## Import lib

In [2]:
import os
from dotenv import load_dotenv
from langchain_huggingface import HuggingFaceEndpoint
from langchain import PromptTemplate, LLMChain
from transformers import pipeline
import tensorflow as tf
from transformers import AutoTokenizer

load_dotenv()

hf_api = os.getenv("HF_API_KEY")

Found Intel OpenMP ('libiomp') and LLVM OpenMP ('libomp') loaded at
the same time. Both libraries are known to be incompatible and this
can cause random crashes or deadlocks on Linux when loaded in the
same Python program.
Using threadpoolctl may cause crashes or deadlocks.
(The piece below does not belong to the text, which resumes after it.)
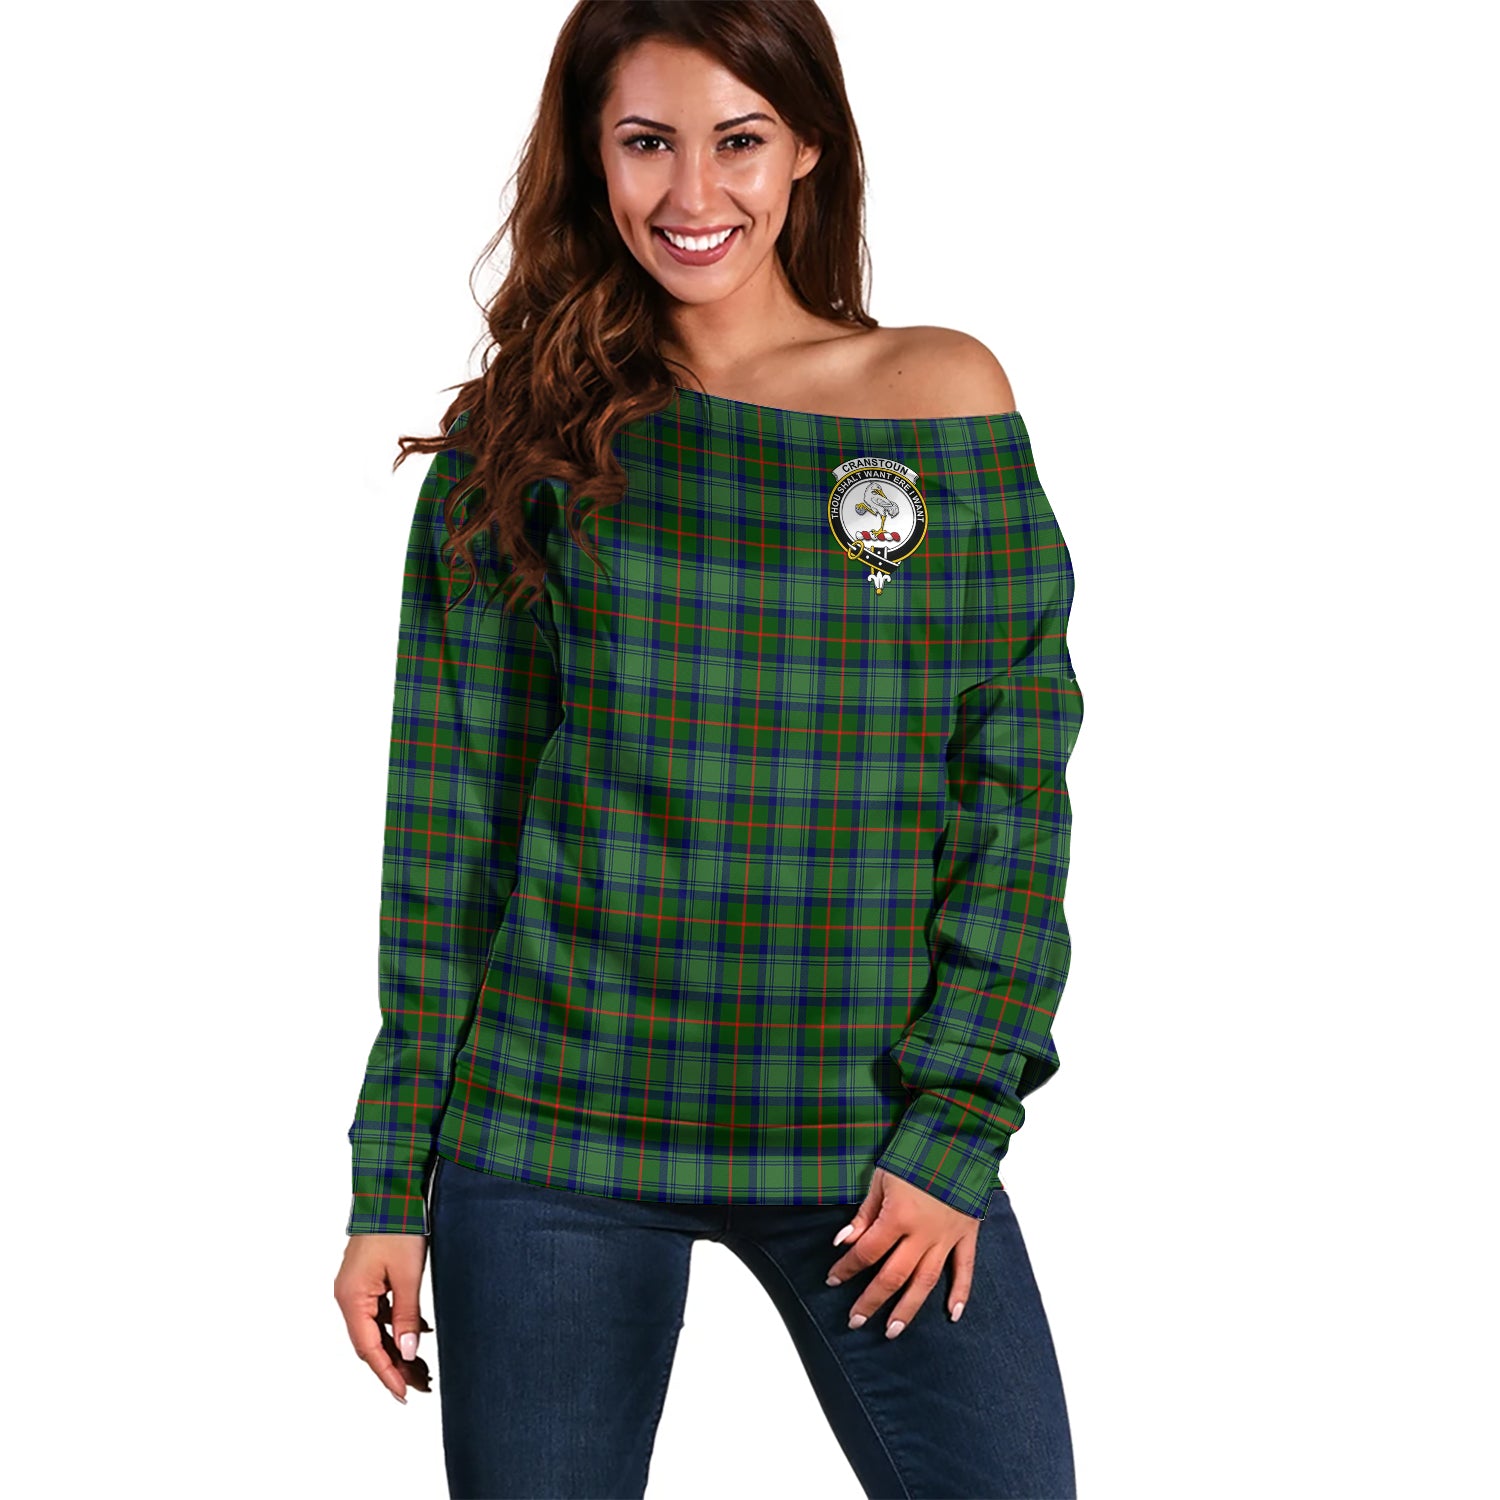 cranstoun-clan-tartan-off-shoulder-sweater-family-crest-sweater-for-women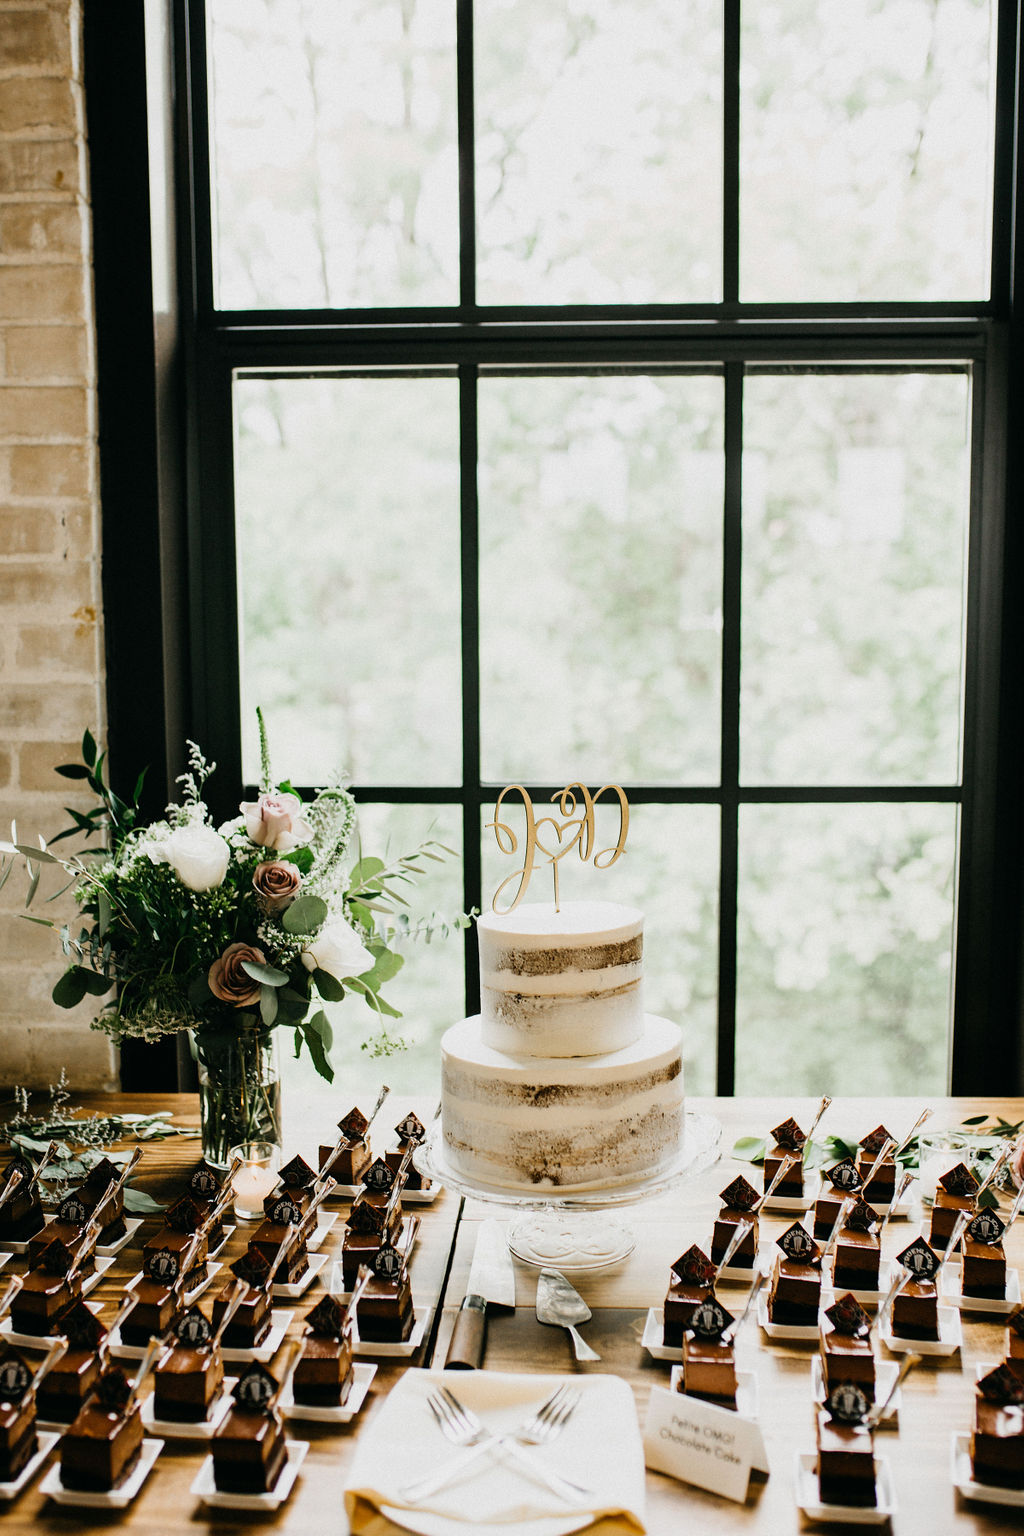 A wedding cake and desserts

For more
information and possible workarounds, please see
    https://github.com/joblib/threadpoolctl/blob/master/multiple_openmp.md



## HF Endpoint API

In [5]:
llm = HuggingFaceEndpoint(
    repo_id="meta-llama/Meta-Llama-3-8B-Instruct",
    task="text-generation",
    max_new_tokens=50,
    do_sample=False,
    huggingfacehub_api_token=hf_api
)

llm.invoke("is victoria a lovely name ?")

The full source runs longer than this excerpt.